Title of Artwork: “Achrome”
Artwork by Piero Manzoni
Year Created 1959
Summary of Achrome
Manzoni Achromes were self-defining works of art that asserted only their own surfaces, surfaces from which all other extraneous detail, artifice, and style had been eliminated.
They were both a response to and an extension of Lucio Fontana’s Spatialist explorations, Alberto Burri’s self-asserting material works, and Yves Klein’s monochromes, in which only their own surfaces were asserted.
Manzoni, who was highly influenced by Freud and Jung’s psychoanalytical literature at the time, referred to his Achromes as “totems,” despite the fact that they were manifestly genuine physical presences that expressed only their own formal and material features.
All About Achrome
The visual plane had always been historically enclosed by an illusory and conceptual space up until these works ultimately and irrevocably broke down.
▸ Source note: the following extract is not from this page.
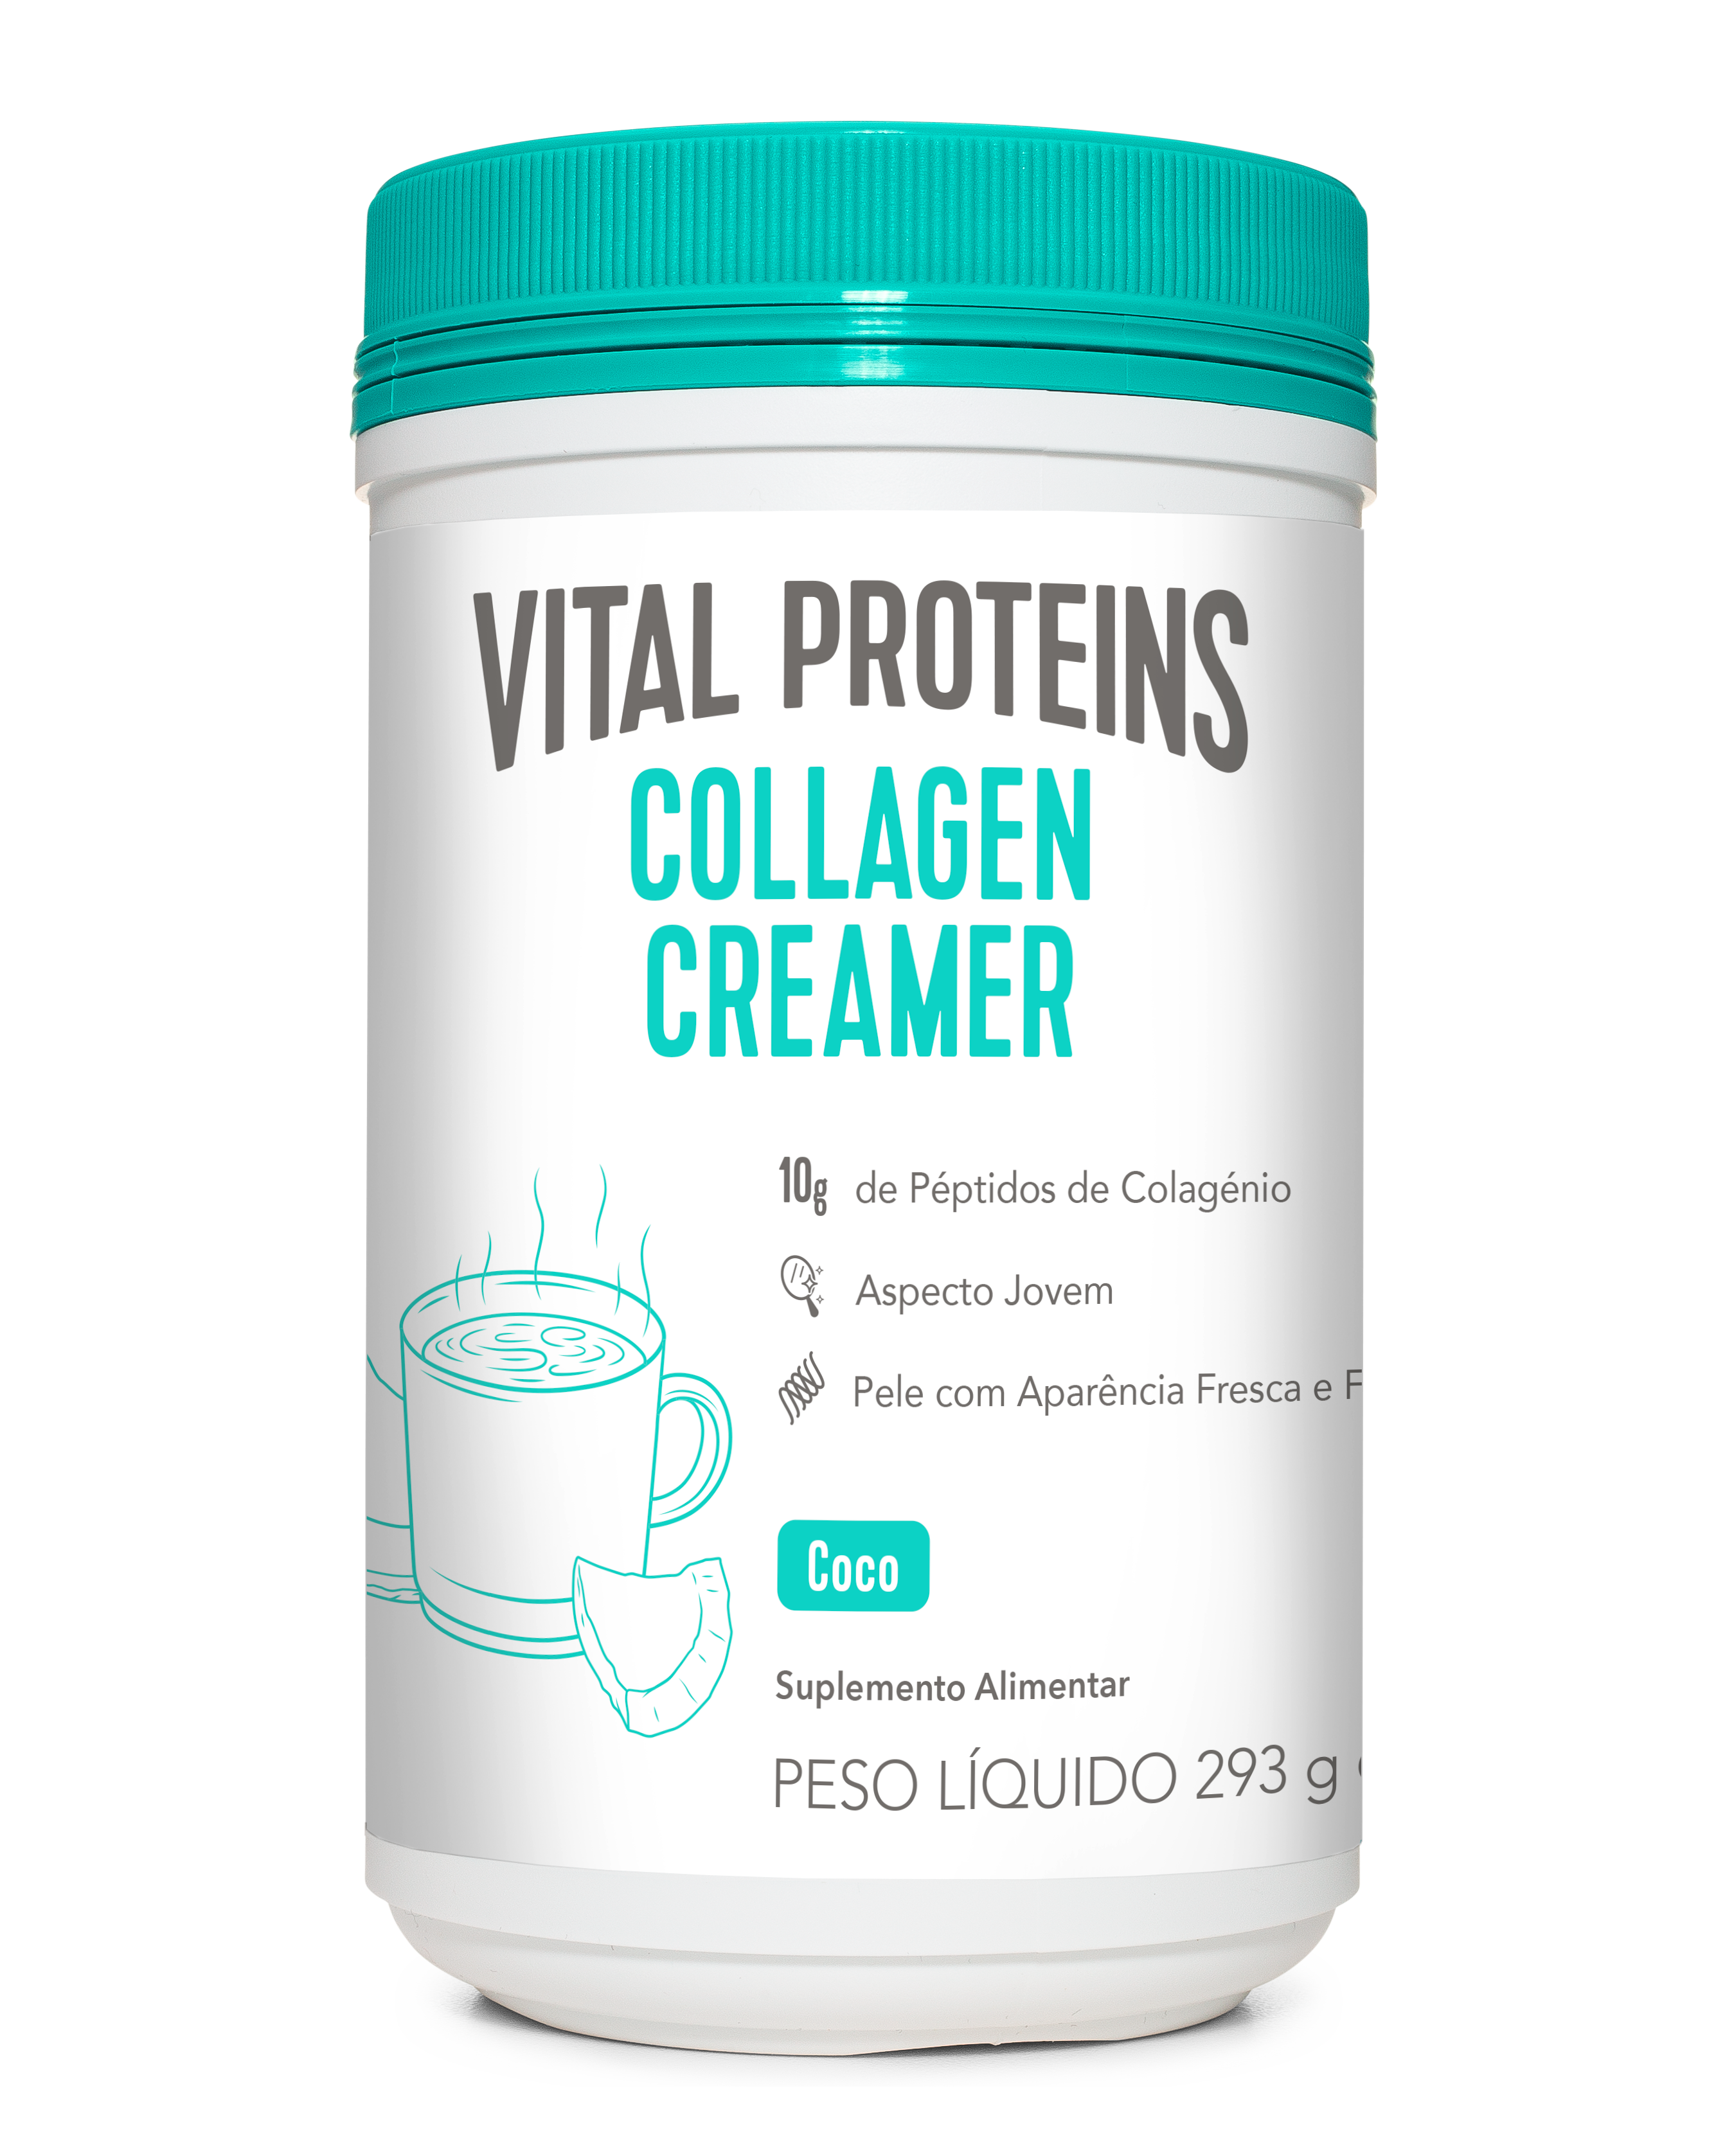 Vital Proteins Collagen Creamer Coco

However, they were works of art that began to function as real, unaesthetic concepts in the physical space of the viewer and the environment around them.
The Achrome was consequently a work that heralded the end of the idea of the art-object, and in this view, represented the completion of the anti-material trend inherent in Fontana’s Spatialist aesthetic and also the ‘immateriality’ of Klein’s work.
These previous examples, however, were not enough to establish Manzoni’s ultimate ‘zone’ of freedom and the eventual liberation of art from style. Manzoni emphasised, ‘We cannot see the picture as a space onto which we project our mental scenography.’ ‘It is in this arena of freedom that we hunt for our first visions.’
Absolute images, which can only be regarded for what they are, rather than what they record, explain, or communicate. Piero Manzoni, For the Discovery of a Zone of Images. 1957.)
Although Manzoni advocated for the emancipation of art from style, his unique’styleless’ creations often betray the artist’s own brilliant and unfailing sense of style.
For example, the Achromes of 1957–58 and 1958–59 in this case, are two quite distinct representations of the same autonomous and self-defining, “styleless” concept.
Unlike the other Achrome, which has a kaolin-coated pleat that makes a dramatic line of self-asserting material texture across the centre of a normally flat white canvas, the loose informel-like folds of this one seem to embrace a lush Baroquelike elegance.
Many of Manzoni’s works have the same understated elegance as these two, despite the fact that they have moved away from materiality and hardly any involvement by the artist’s hand, finally transcending the objecthood of art to become merely motions and/or concepts.
All of Manzoni’s work, from the endless linee (lines) to the thumb-printed egg series to the balloons of his own breath to the mass-produced tins of “merda d’artista” (his own shit), was characterised by a cool elegance.